# Dataset excerpt:

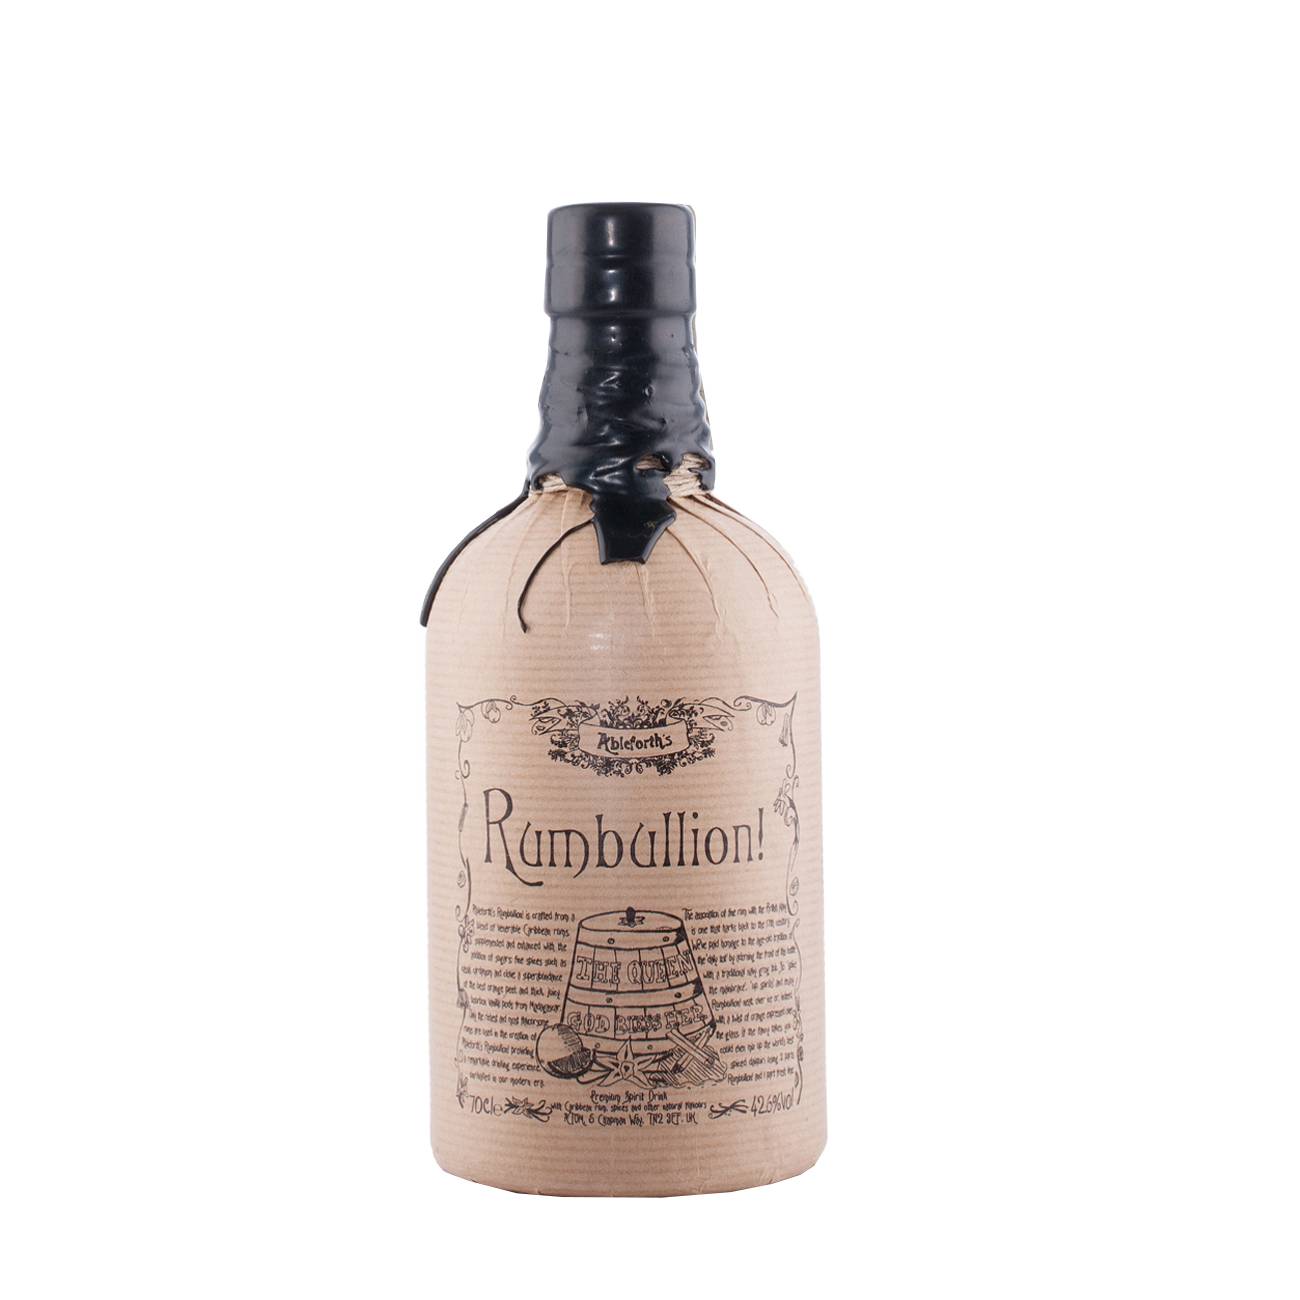 Rumbullion Rum bestvalue.eu
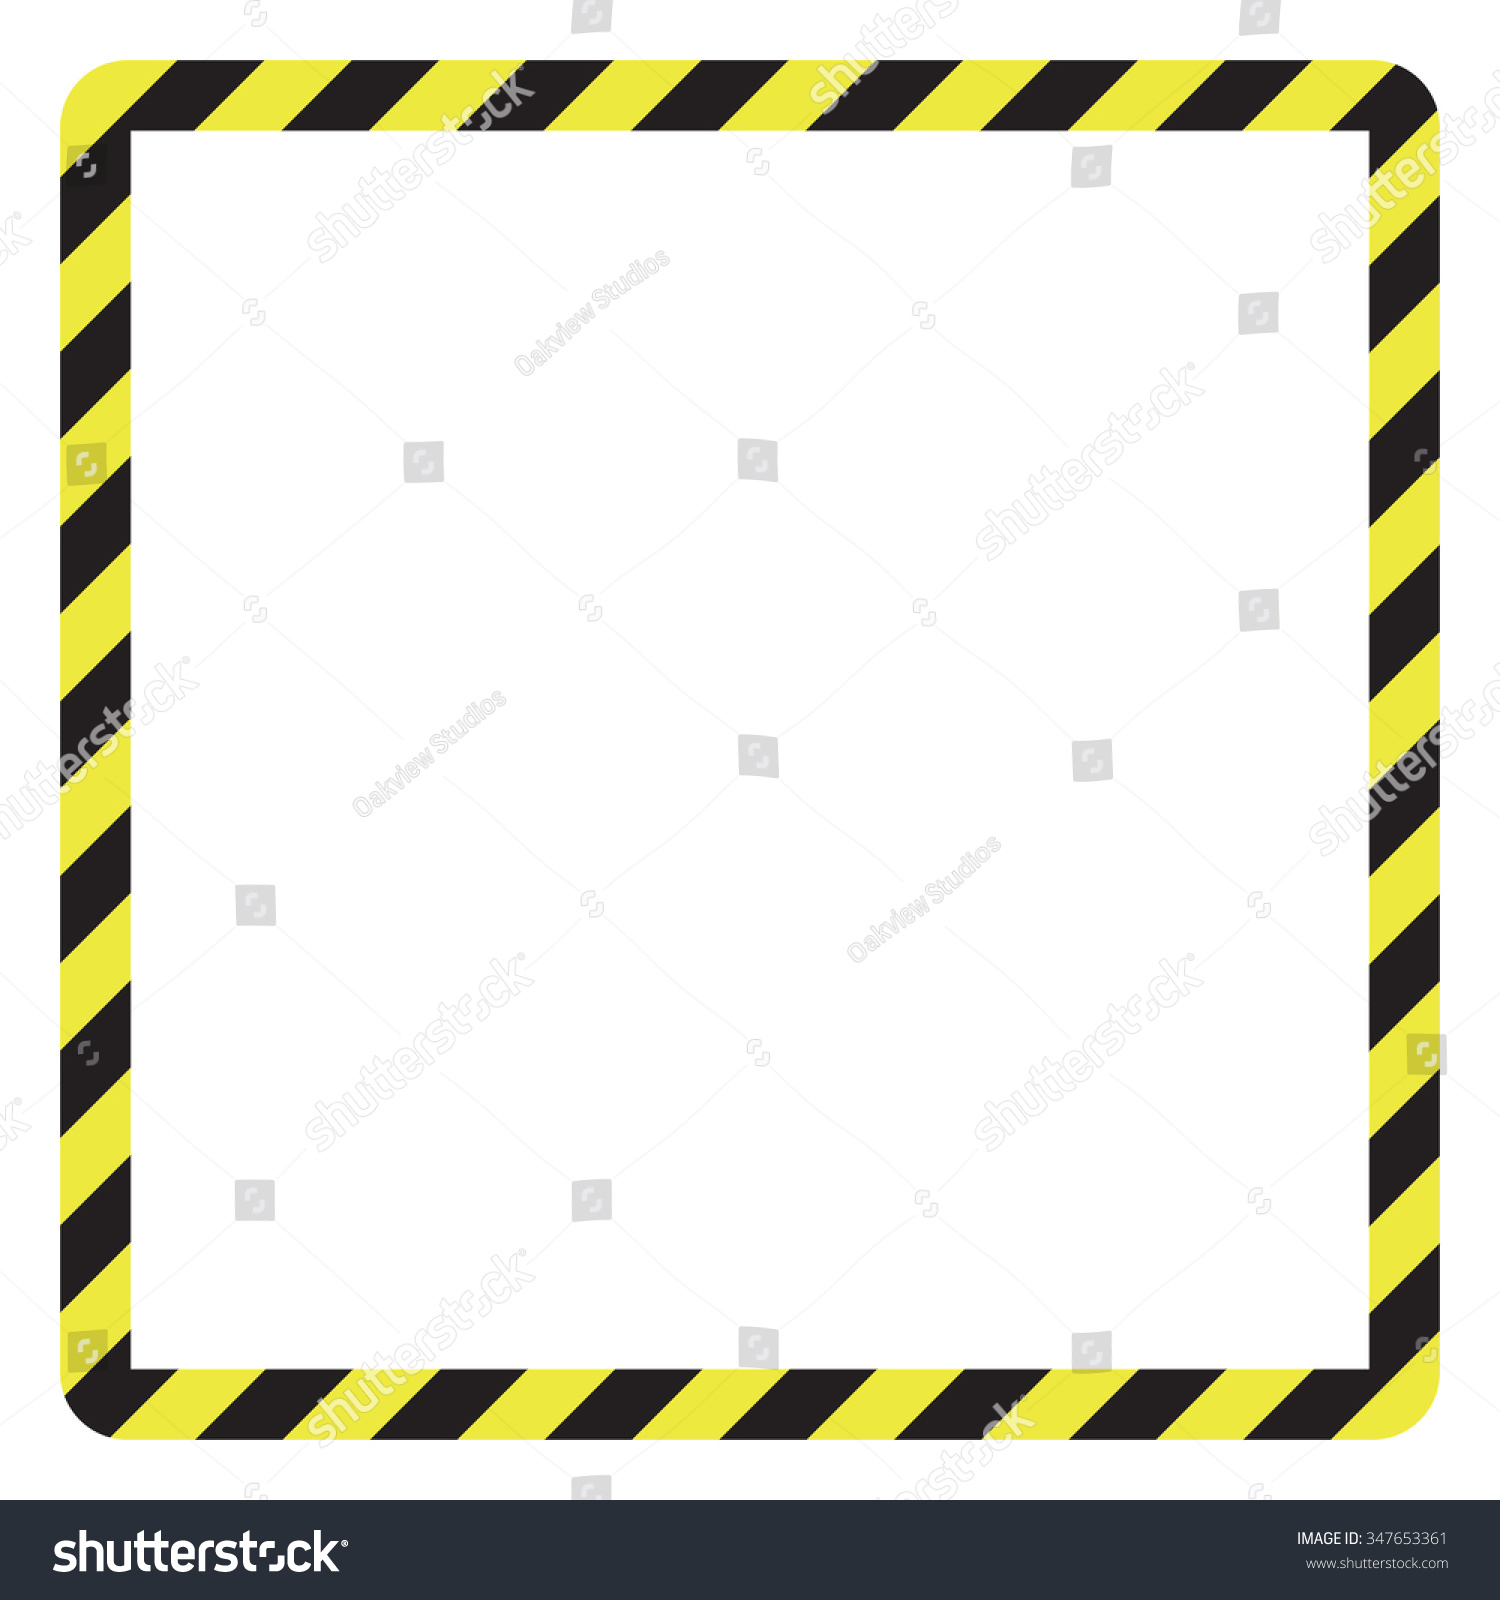 Construction warning border, 
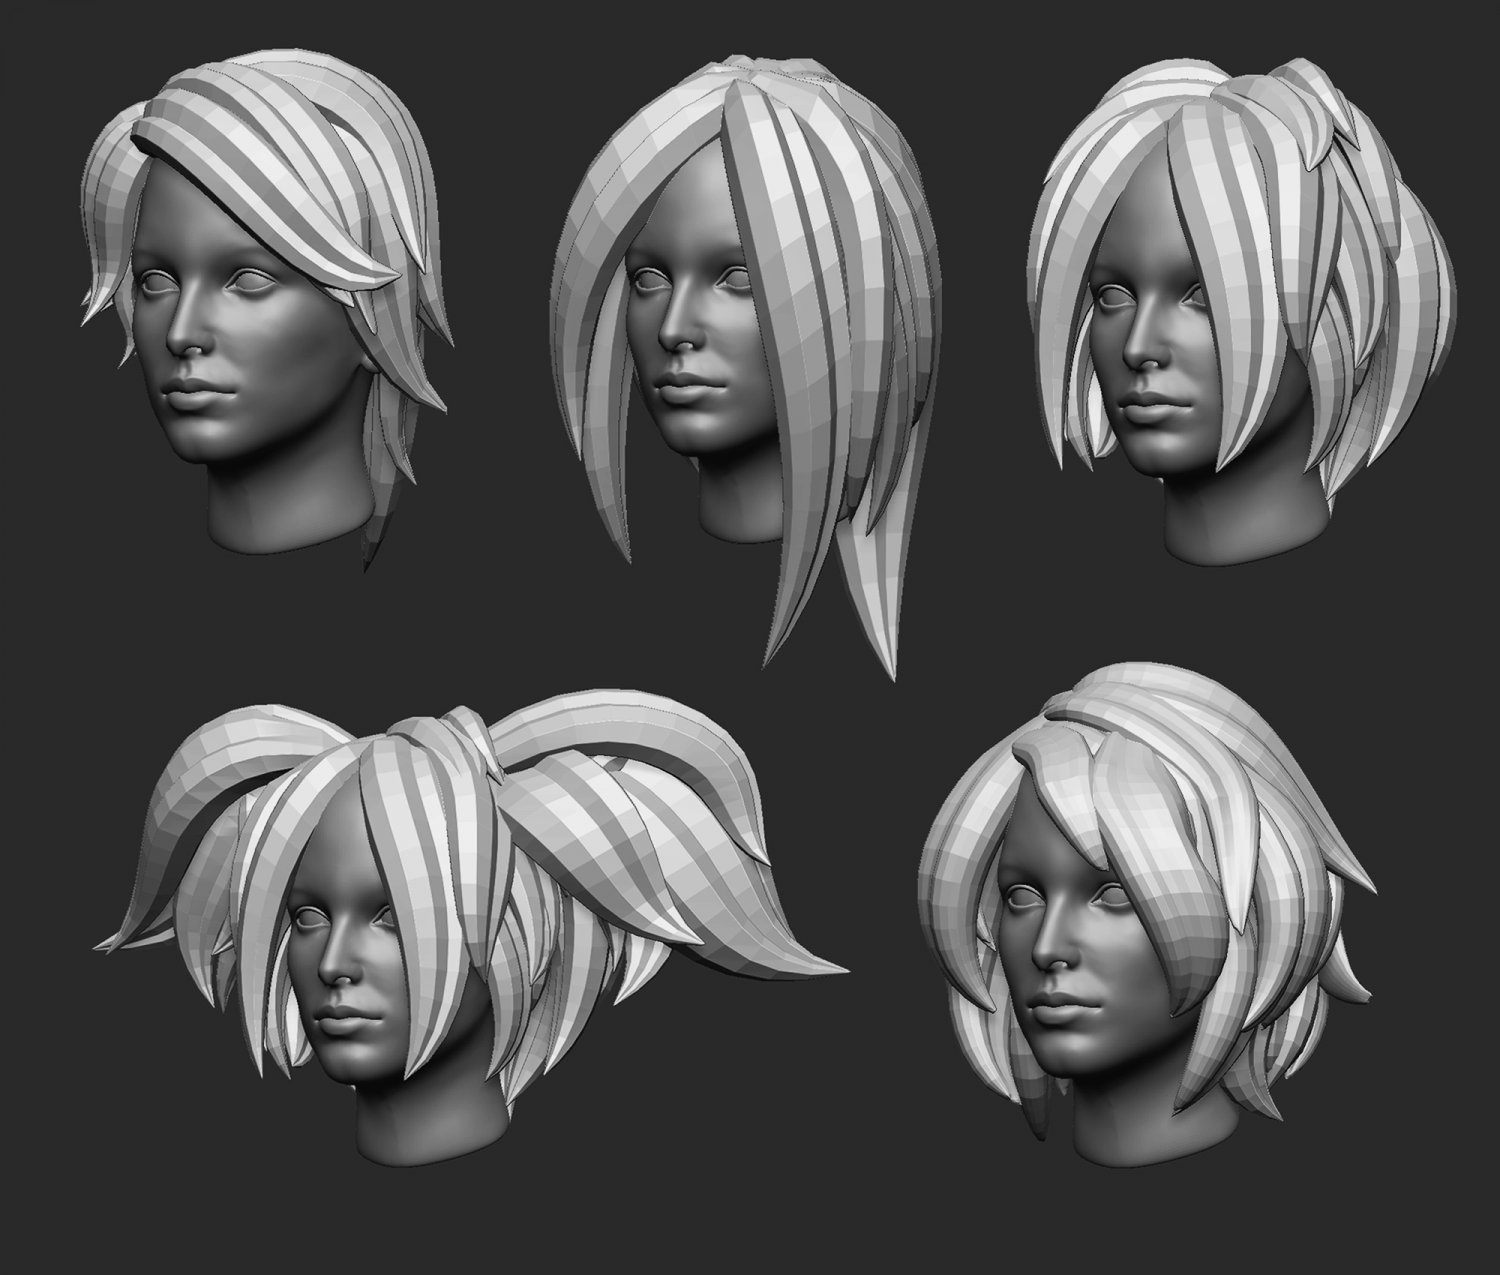 Female hair lowpoly 3D Model $15 - .3ds .fbx .obj .stl .max
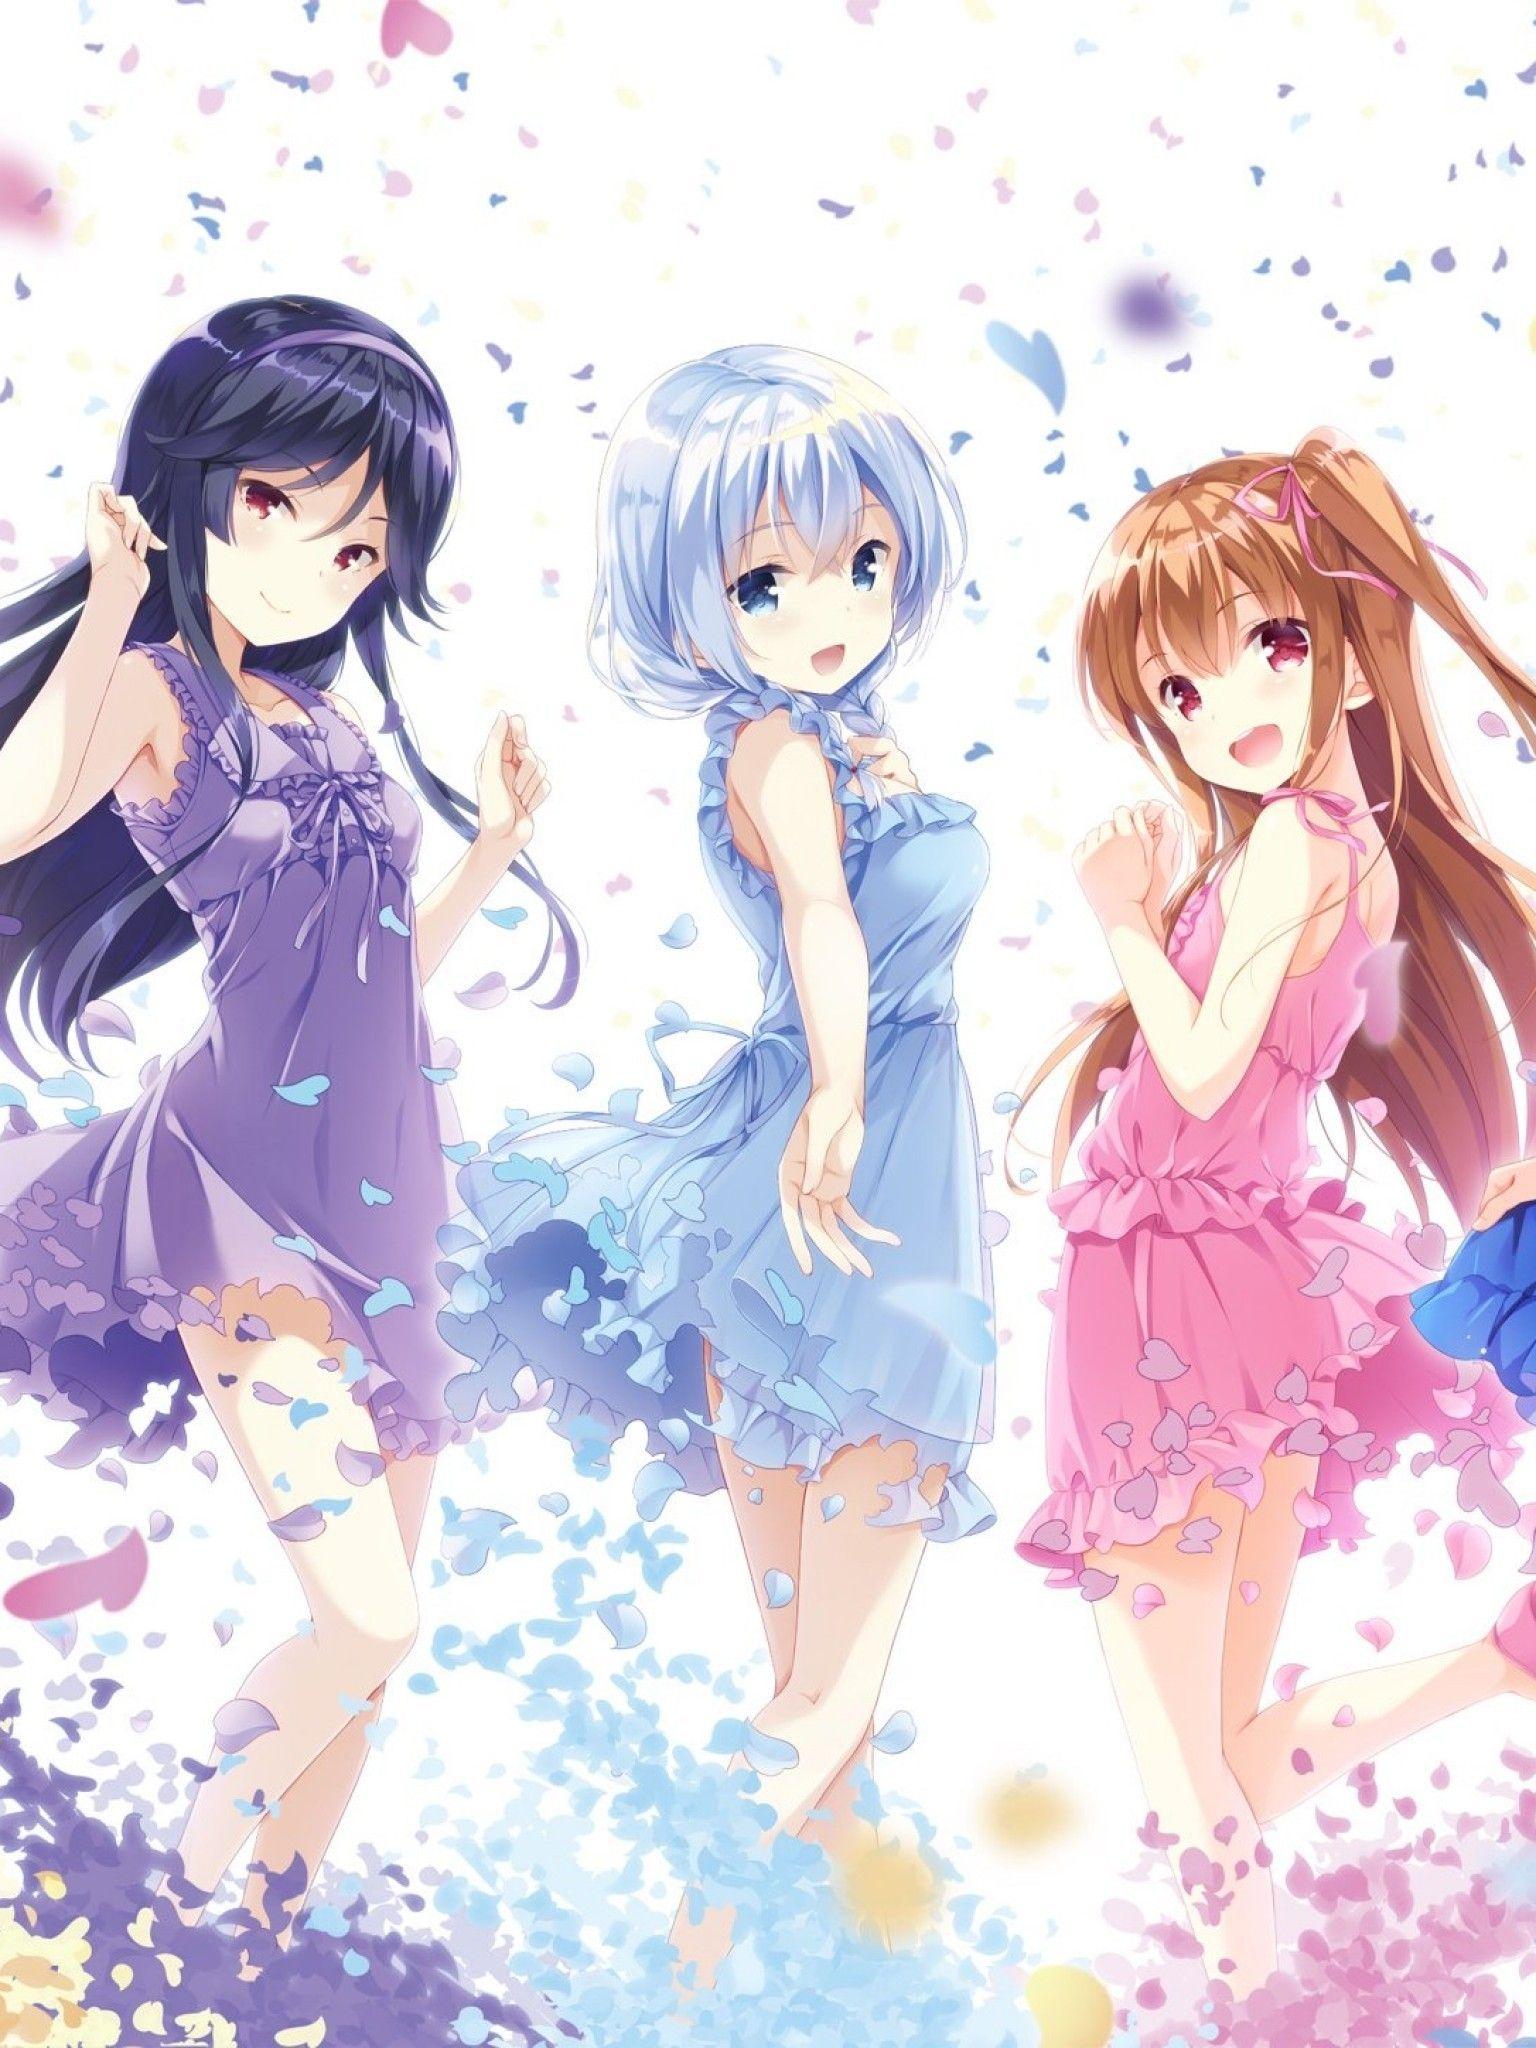 Anime Girl Best Friends Wallpapers - Wallpaper Cave

# Try it:
Nothing but an exact transcription of the material, without pictures, should be returned.

# Answer to the problem:
 Rumbullion Rum bestvalue.eu
 Construction warning border, 
 Female hair lowpoly 3D Model $15 - .3ds .fbx .obj .stl .max
 Anime Girl Best Friends Wallpapers - Wallpaper Cave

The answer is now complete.